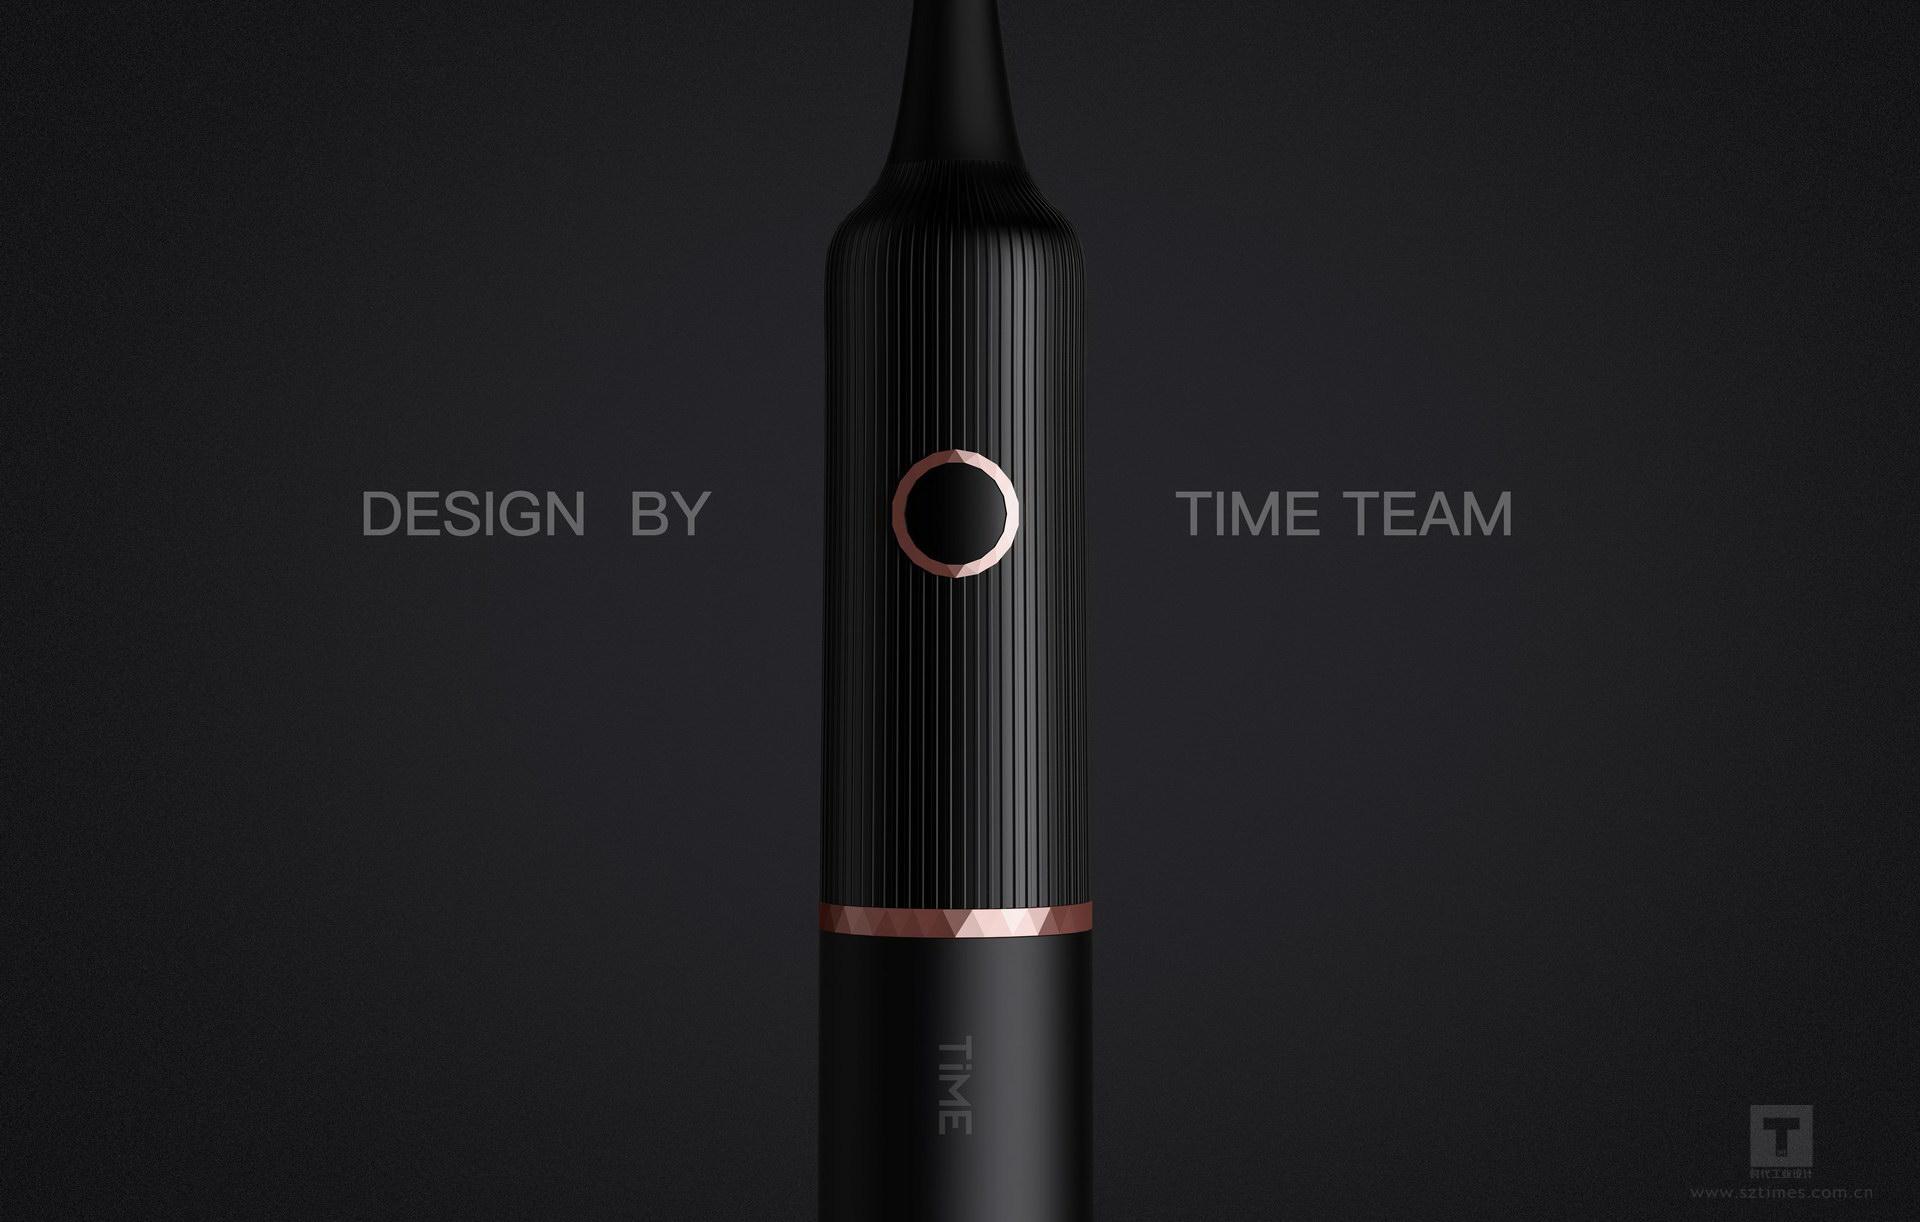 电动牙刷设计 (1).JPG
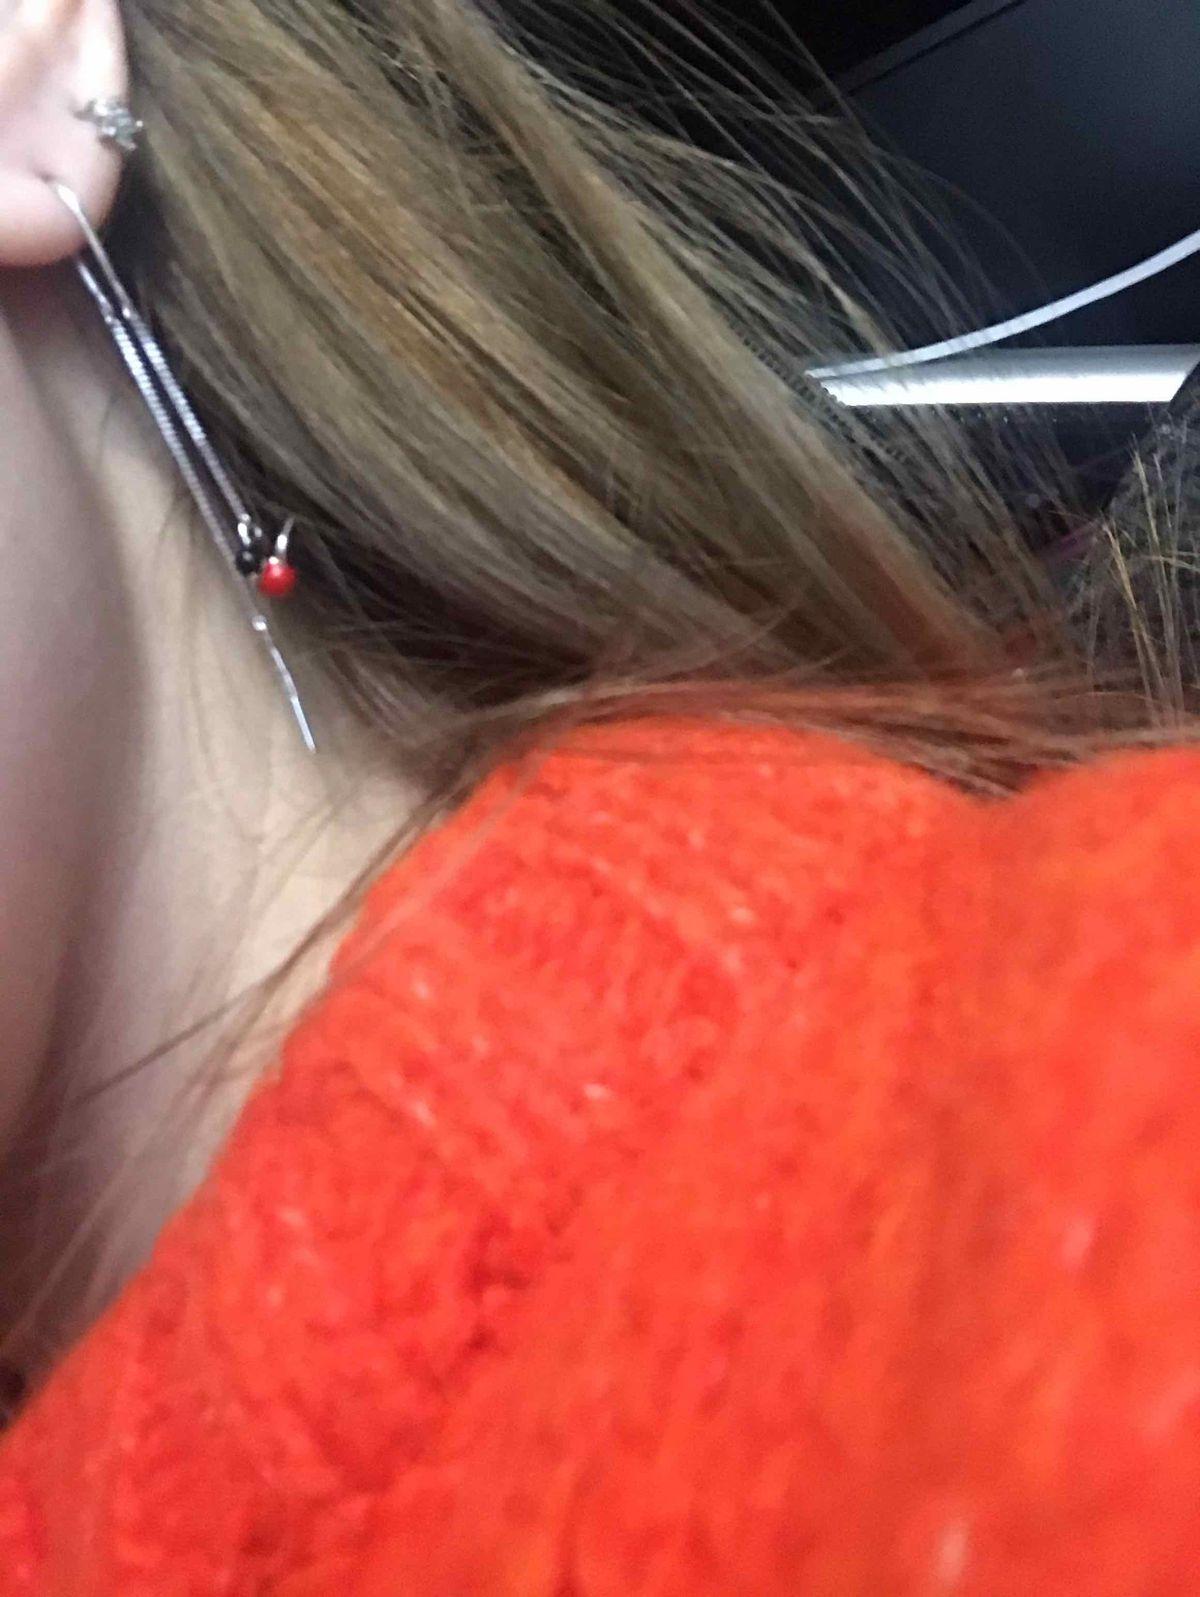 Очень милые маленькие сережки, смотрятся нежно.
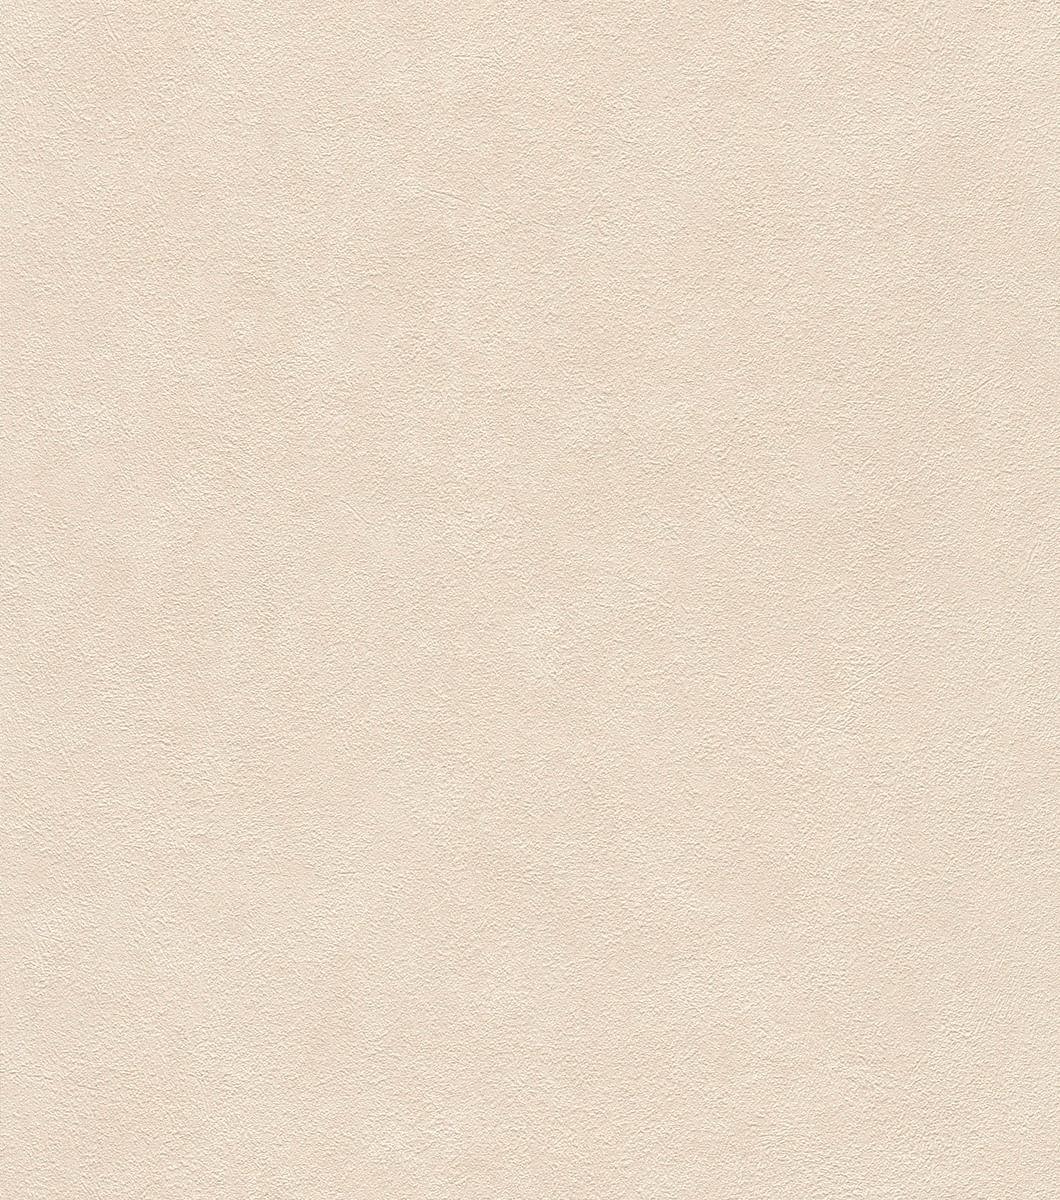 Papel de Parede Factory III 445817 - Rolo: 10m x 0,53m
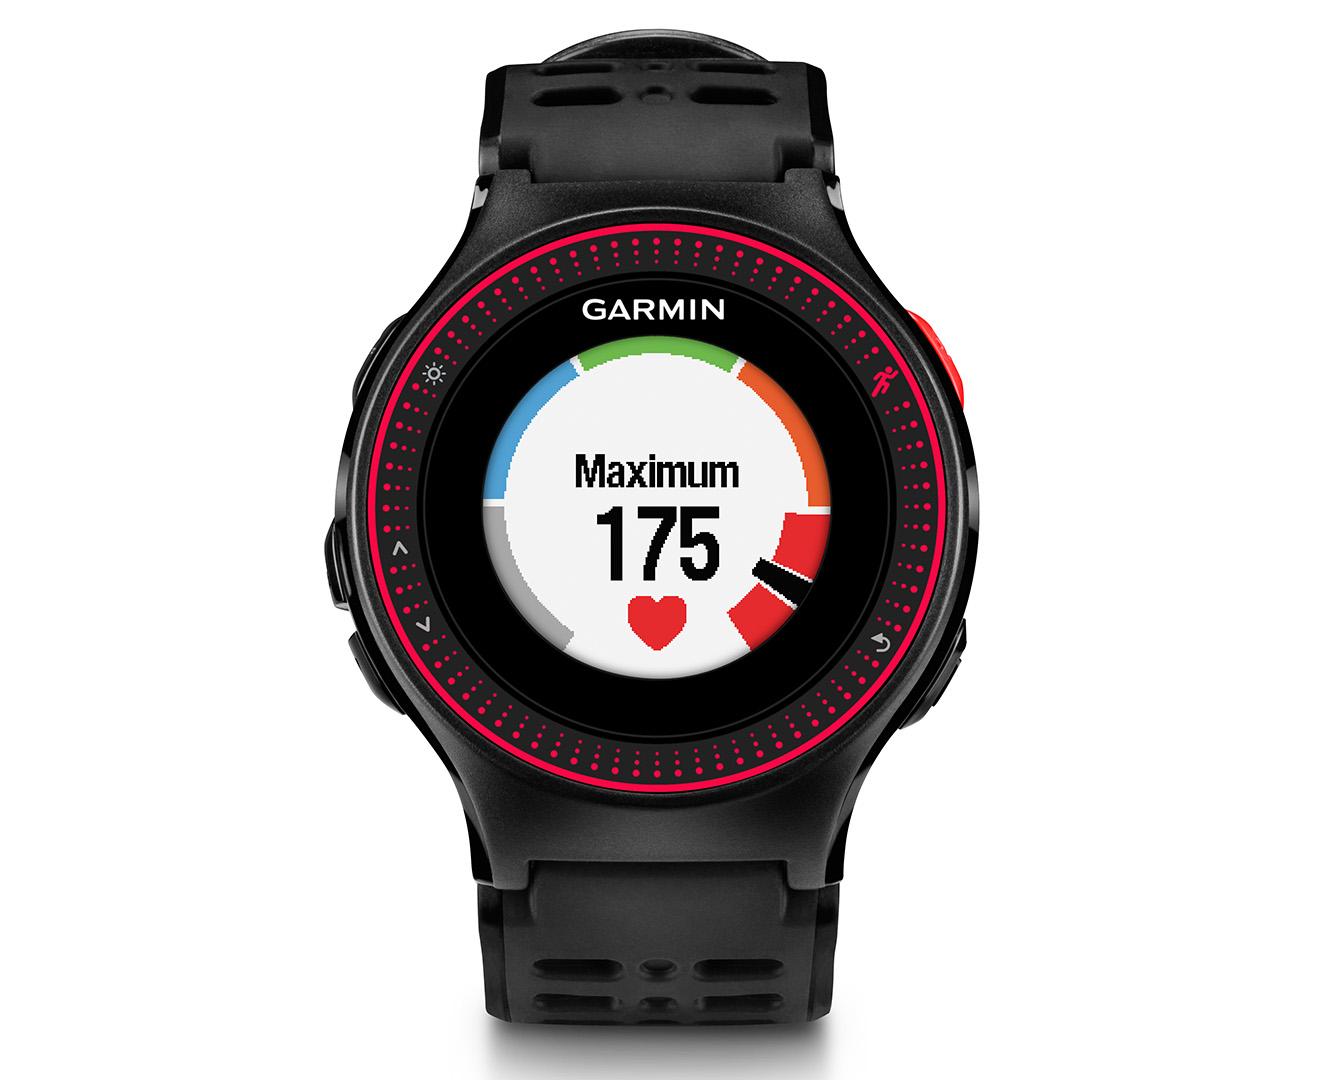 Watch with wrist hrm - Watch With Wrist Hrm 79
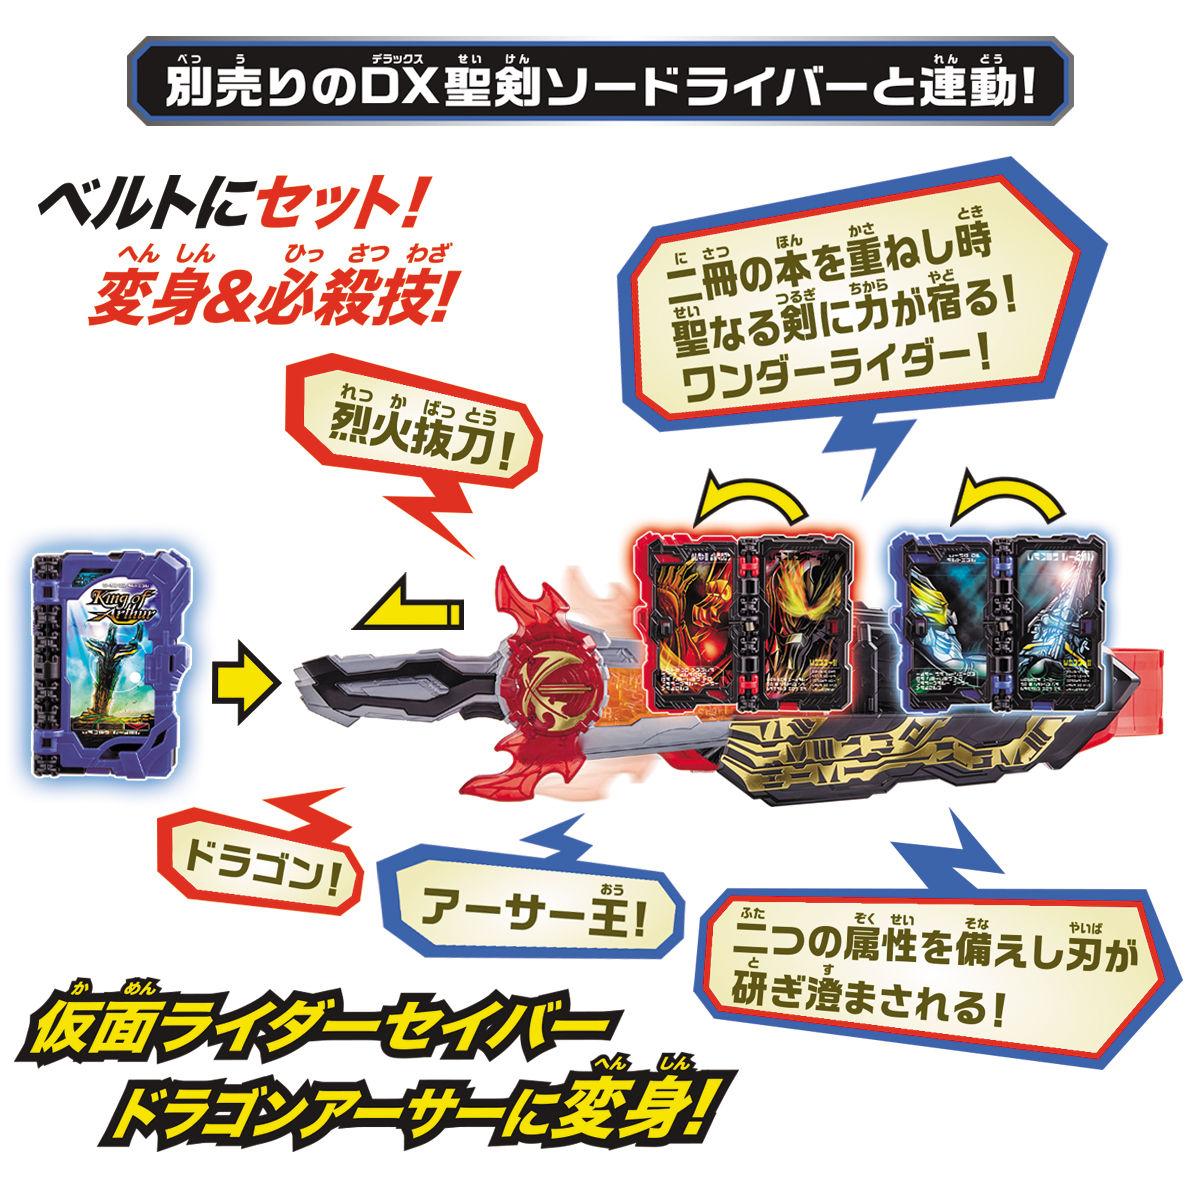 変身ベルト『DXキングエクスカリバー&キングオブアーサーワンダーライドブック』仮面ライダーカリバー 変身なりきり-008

## WORK INSTRUCTIONS
All the records need to be repeated exactly, with the images dropped.

## SOLUTION TO THIS EXERCISE
 电动牙刷设计 (1).JPG
 Очень милые маленькие сережки, смотрятся нежно.
 Papel de Parede Factory III 445817 - Rolo: 10m x 0,53m
 Watch with wrist hrm - Watch With Wrist Hrm 79
 変身ベルト『DXキングエクスカリバー&キングオブアーサーワンダーライドブック』仮面ライダーカリバー 変身なりきり-008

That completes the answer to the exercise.